Where Np is the number of points (I used 1k - 4k). I have a GeForce 9500 GT, which has no support to double. And I compile using no flag/no option.

Take Np = 1k, for example. When I compile and then run, the result is dE = 6.557993. When I run a second, third, fourth, whatever time, it is dE = -0.3515406. Does anyone know where this come from?

P.S.: I forgot to mention, the same kernel AvgDistance that can be found at My Previous Question is called right before DeltaE. I don't know if this has anything to do, but I thought it was worth to mention.
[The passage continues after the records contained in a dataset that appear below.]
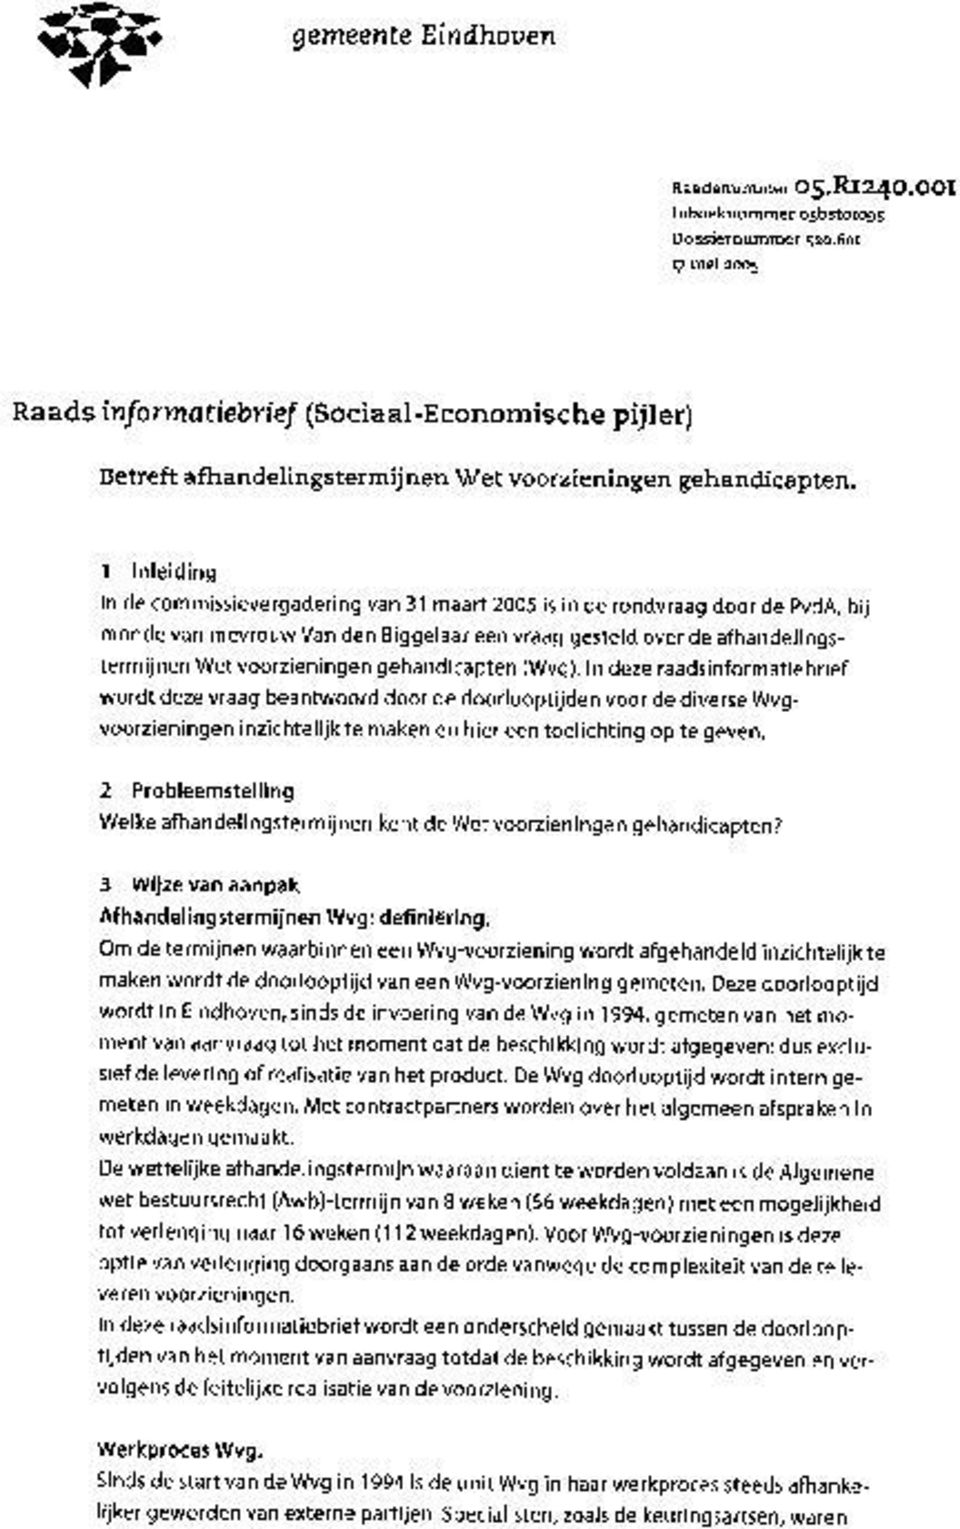 1 Inleiding In de commissievergadering van 31 maart 00 is in de rondvraag door de PvdA, bij monde van mevrouw Van den Biggelaar een vraag gesteld over de afhandelingstermijnen Wet voorzieningen
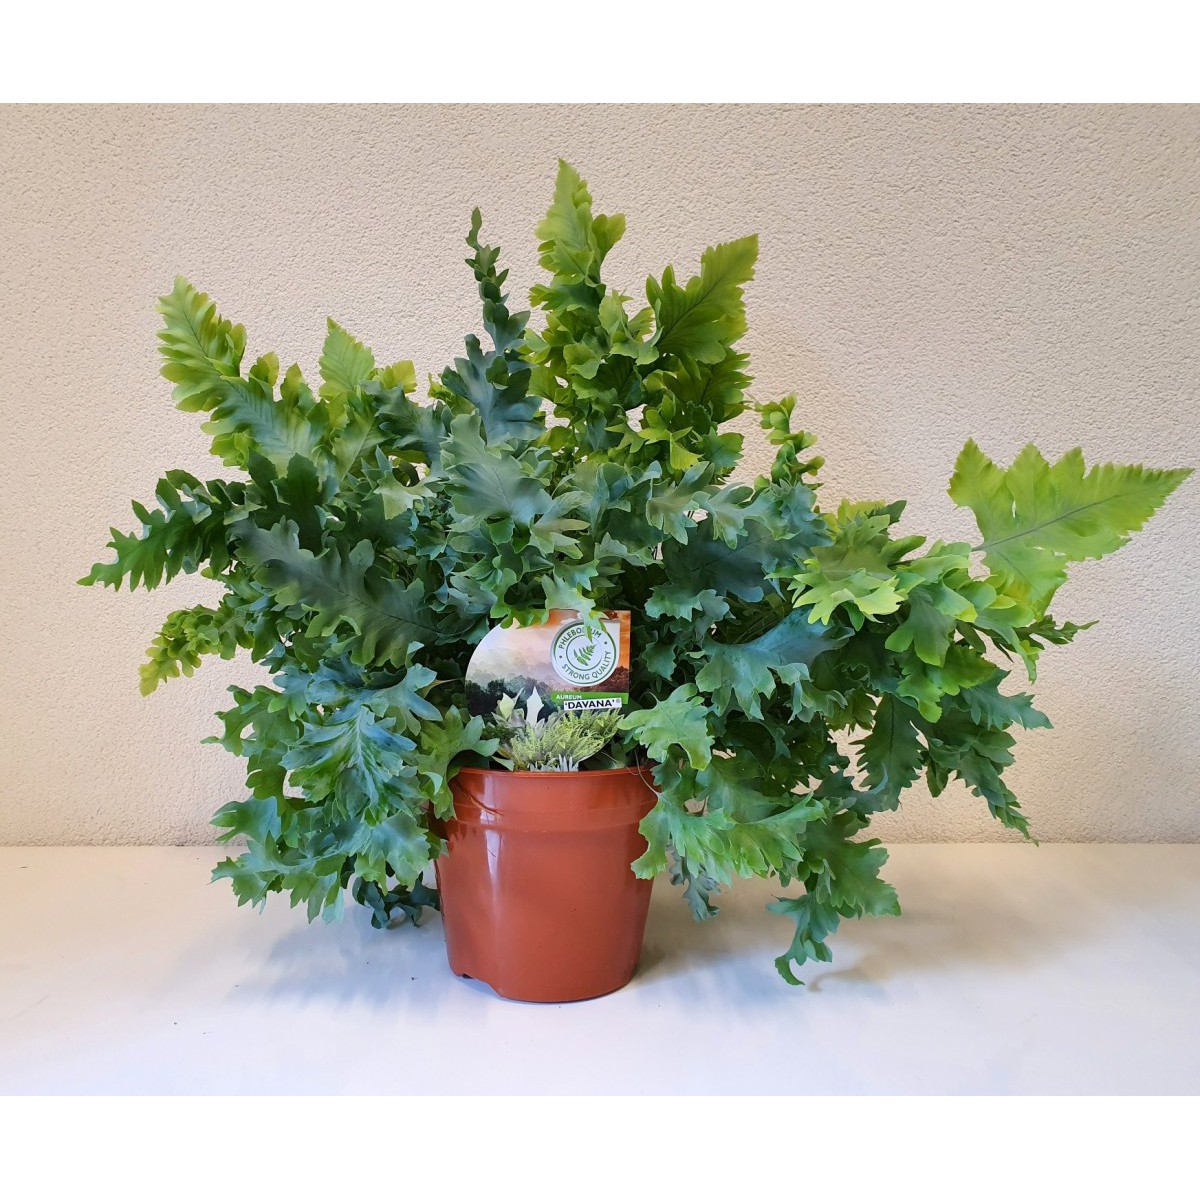   Phlebodium aureum 'Davana'  Pot de 17 cm h35
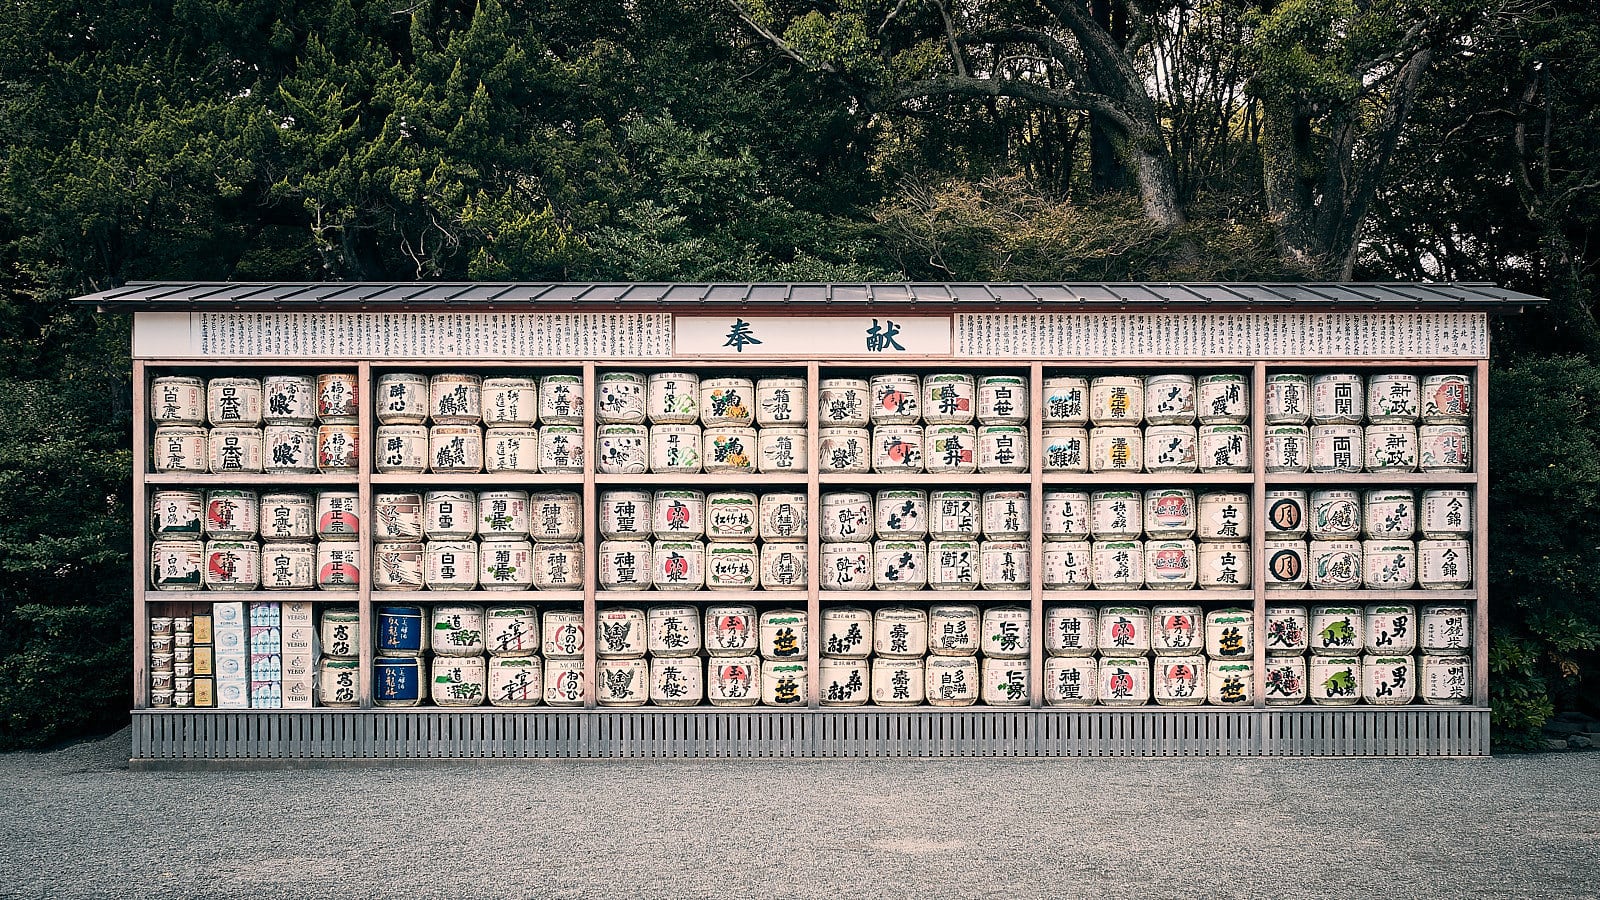 Templo Tsurugaoka Hachimangu, por Nacho Gutiérrez.
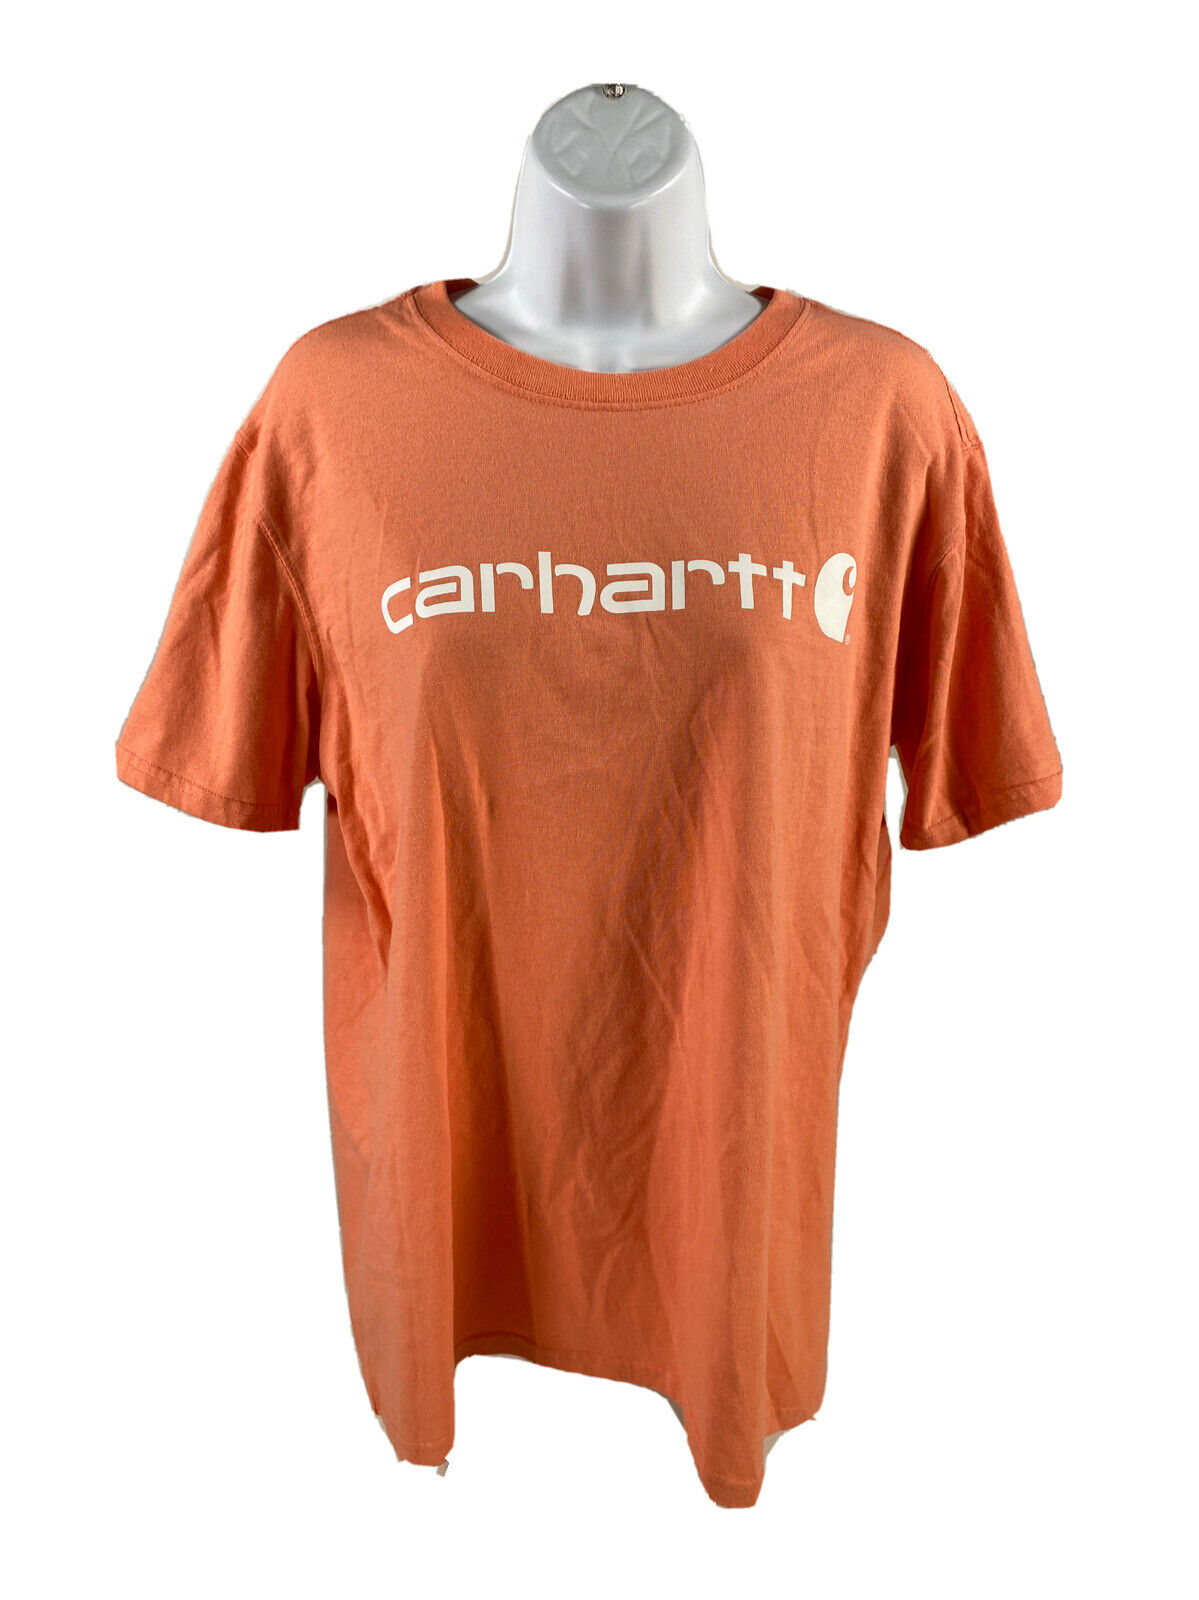 Carhartt Women's Pink Coral Short Sleeve Original Fit Cotton T-Shirt - L
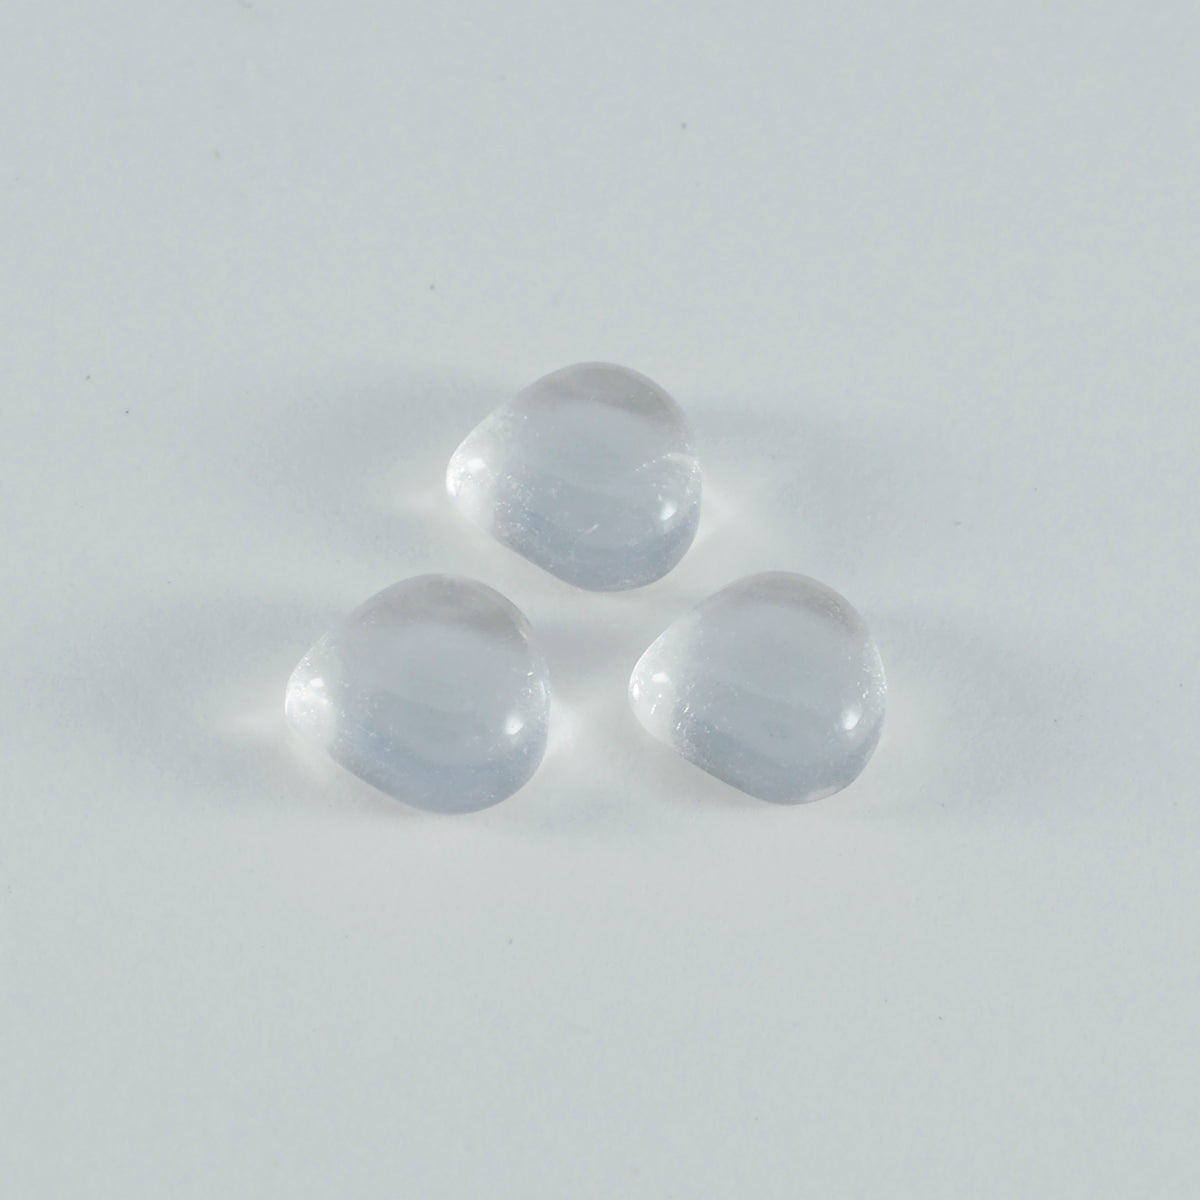 Riyogems 1PC witte kristallen kwarts cabochon 12x12 mm hartvorm AAA kwaliteit edelstenen

P.S.2: nn is any chosen point(particle).

Your cudamemcpy is copying `d_delta` back to the host variable `delta`. Then your loop is summing `dE += energy[i];` What is the connection between `delta` and `energy` on the host? — Robert Crovella, Mar 15 '13 at 22:13
oops, sorry...it is just a typing mistake...I'll correct it! — Bessa, Mar 15 '13 at 23:52
OK, I extended the sample app that I created for the previous question with the new code, and it seems to run the same every time. When you say "the first time" what do you mean? The first time after you compile it? The first time after you reboot the machine? If it's compiling, do you mean that every time you recompile it it gives different behavior? — Robert Crovella, Mar 15 '13 at 23:56
I mean that after the first time I run it, right after compile the code, it gives a result X. If I run it right after that the result is Y. And if I run a third time, right after the second, the result is again Y. I didn't reboot the machine neither waited more than a few seconds to run repeatedly many times the application to check weather it will return the same result Y. I hope it is clear now. — Bessa, Mar 16 '13 at 00:23
Not really. The first time you got result A. The second, third, fourth, fifth times you get result B. Are you ever able to get result A again? What do you have to do to get result A again? — Robert Crovella, Mar 16 '13 at 00:32
I don't ever get A again. I know, it is really weird, but is happening. Bottom line, for a given Np, right after I compile the code, I obtain A if a run it once for the first time, and then I get B for every other run. And they are quiet different result. For instance, for a seed = 337459, I'm getting dE = -64.62045 at the first time I run the app. If I run it again, I get dE = 1.919965. And then again dE = 1.919965. — Bessa, Mar 16 '13 at 00:42
I think the problem is that you are depending on a grid-wide synchronization at your `__synchthreads()` call, but that barrier only synchronizes the threads within a block. After that barrier, your code uses `Xn[n]` and `Yn[n]` to compute `x` and `y`, but `Xn[n]` and `Yn[n]` may not be computed yet, depending on the order in which the threadblocks execute. You could try breaking it up into 2 kernels, the first of which includes everything up to the `__syncthreads()` call, and the second of which includes the remainder, to create a grid-wide sync point. — Robert Crovella, Mar 16 '13 at 00:52
Hum... I didn't know `__syncthreads()` was barrier just for threads within a block. Later I'll try what try what you told and let you know. — Bessa, Mar 16 '13 at 01:02

score 2 · Accepted Answer · edited May 23 '17 at 11:50

As was pointed out by Robert Crovella via comment above, what probably was happening is that while tIdx = n was computing Xn[n] and Yn[n], other threads was using this value and it may not be computed yet. In that case, the only reason to the other runs (other then the first one) to get ways the same (correct) value is that the memory pointed to by Xn and Yn is already occupied with the right value, and even with that synchronization problem the application returns the right value.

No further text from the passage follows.